Functional characterization of ABCB4 mutations found in progressive familial intrahepatic cholestasis type 3

Abstract

Multidrug resistance 3 (MDR3), encoded by the ATP-binding cassette, subfamily B, member 4 gene (ABCB4), localizes to the canalicular membrane of hepatocytes and translocates phosphatidylcholine from the inner leaflet to the outer leaflet of the canalicular membrane. Progressive familial intrahepatic cholestasis type 3 (PFIC3) is a rare hepatic disease caused by genetic mutations of ABCB4. In this study, we characterized 8 ABCB4 mutations found in PFIC3 patients, using in vitro molecular assays. First, we examined the transport activity of each mutant by measuring its ATPase activity using paclitaxel or phosphatidylcholine. Then, the pathogenic mechanisms by which these mutations affect MDR3 were examined through immunoblotting, cell surface biotinylation, and immunofluorescence. As a result, three ABCB4 mutants showed significantly reduced transport activity. Among these mutants, one mutation A364V, located in intracellular domains, markedly decreased MDR3 expression on the plasma membrane, while the others did not affect the expression. The expression of MDR3 on the plasma membrane and transport activity of A364V was rescued by a pharmacological chaperone, cyclosporin A. Our study provides the molecular mechanisms of ABCB4 mutations and may contribute to the understanding of PFIC3 pathogenesis and the development of a mutation-specific targeted treatment for PFIC3.

Figure 1. Effect of ABCB4 mutants on transport activity.

Inside-out membrane vesicles were prepared after transfection of ABCB4 wild type or mutant-bearing plasmids into HEK-293T cells, and the ATPase activity induced by either paclitaxel (a) or phosphatidylcholine (b) was measured. The X-axis represents paclitaxel or phosphatidylcholine concentration. The Y-axis represents the amount of inorganic phosphate that was produced by the ATPase activity of MDR3. Data shown represent mean ± SD from five independent experiments and analyzed by one-way analysis of variance followed by Dunnett’s two-tailed test. ^*P < 0.05, ^**P < 0.01, ^***P < 0.001 vs. wild type (WT).

Figure 2. Effect of ABCB4 mutants on subcellular localization.

HEK-293T cells were transfected with ABCB4 wild type or mutant plasmids. Cells were fixed and permeabilized with methanol, and immunostained with anti-MDR3, and an endoplasmic reticulum maker BiP or a Golgi marker Gigantin antibodies. Scale bars, 10 μm.

Figure 3. Effect of ABCB4 mutants and cyclosporin A (CsA) on the surface expression of MDR3.

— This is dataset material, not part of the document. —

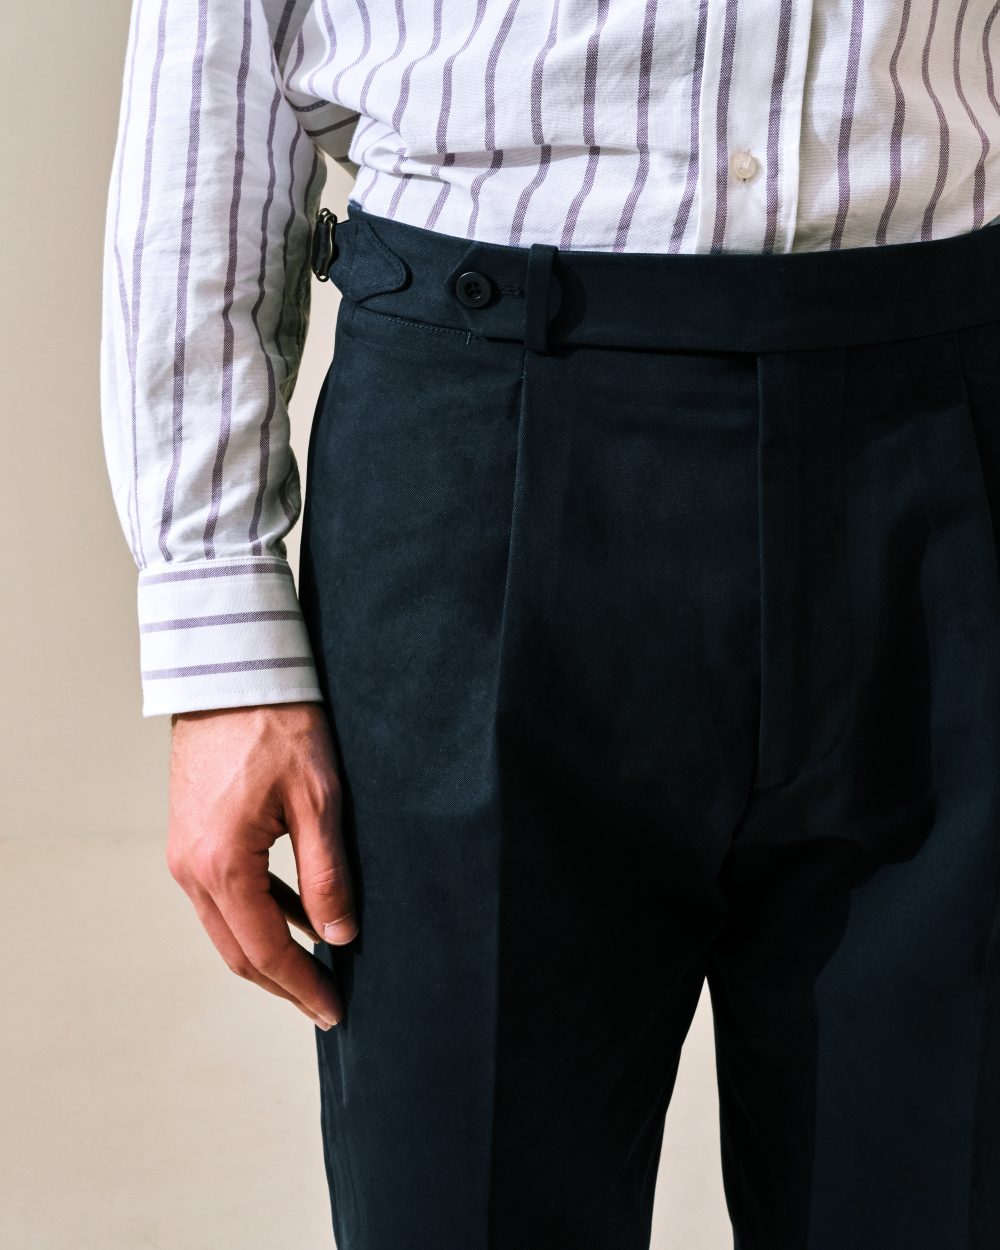 Pantalon Coupe Une Pince S3 / Coton Chino
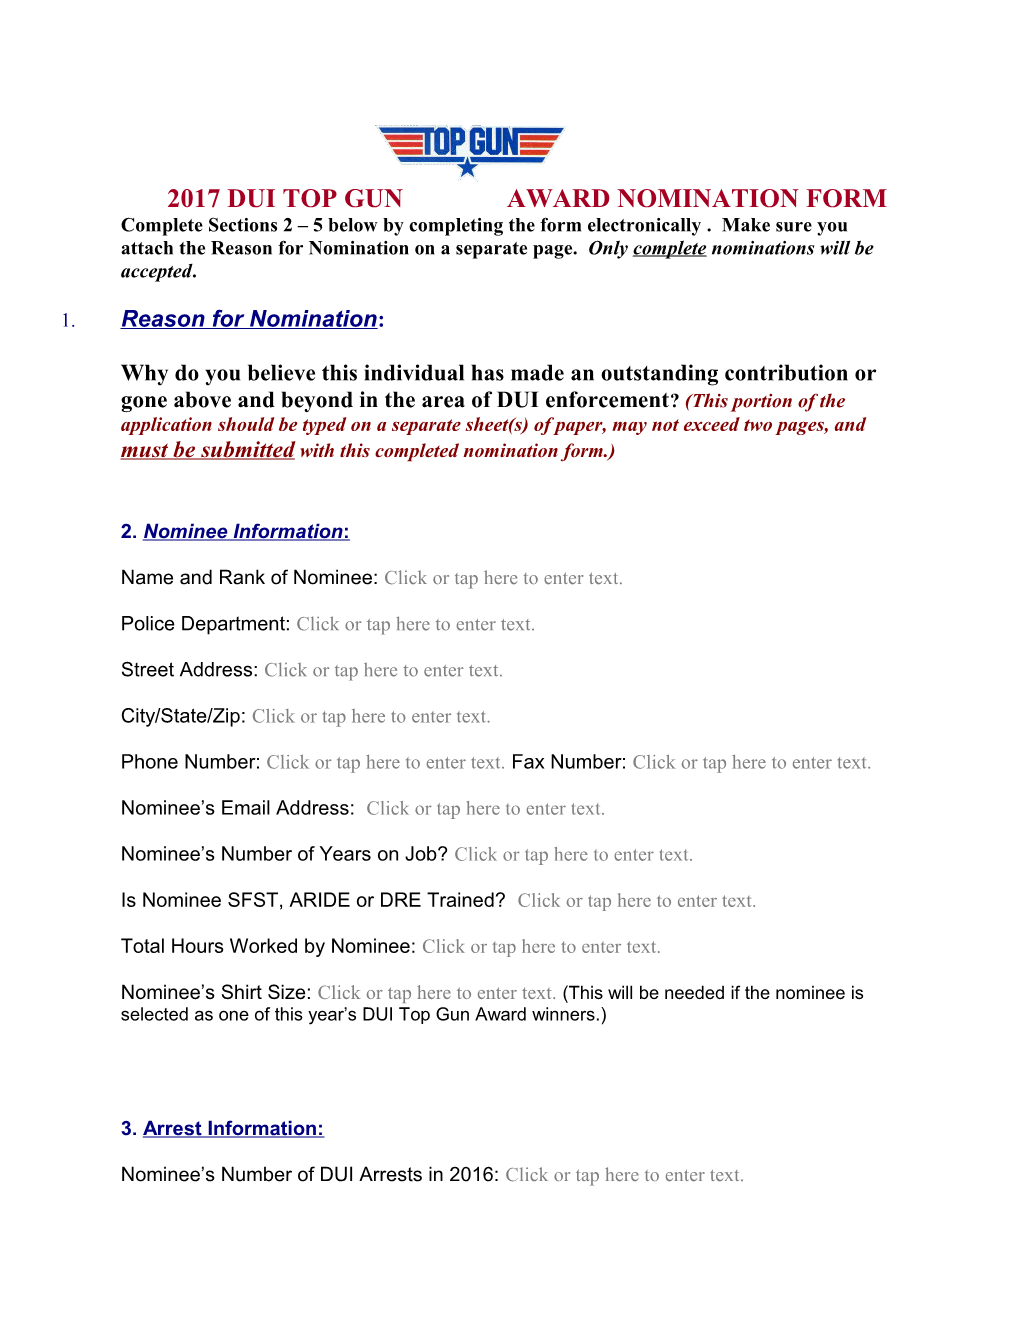 2009 Dui Top Gun Award Nomination Form

(a) HEK-293T cells transfected with ABCB4 wild type or mutant plasmids, and surface biotinylated. CsA was treated at 10 μM for 24 hours. Absence of the cytosolic protein aldolase A in the biotinylated fraction confirms cell surface protein-specific labeling in each experiment. (b) Quantification of surface expression of MDR3. Bar graphs represent band density of surface biotinylated MDR3 compared to the wild type ABCB4 and error bars indicate the SD for three independent experiments. ^*P < 0.05, Student’s t test.

Figure 4. Effect of MG132 or bafilomycin A₁ on MDR3 expression.

MDR3 expression was investigated after transfection with ABCB4 wild type or A364V mutant plasmids. Immunoblotting was performed after treatment with MG132 (a) or bafilomycin A₁ (b). Data shown represent mean ± SD from three independent experiments and analyzed by one-way analysis of variance followed by Dunnett’s two-tailed test. ^**P < 0.01 vs. expression of A364V without MG132 or bafilomycin A₁ treatment.

Figure 5. Effect of CsA on the transport activity of the mutant A364V.

Membrane vesicular ATPase assays were performed using paclitaxel (a) or phosphatidylcholine (b) after treatment with CsA. Data shown represent mean ± SD from three independent experiments, and the P values for comparison between the results obtained before and after CsA treatment, were calculated using Student’s t test. ^*P < 0.05, ^***P < 0.001 vs. transport activity of A364V without CsA treatment.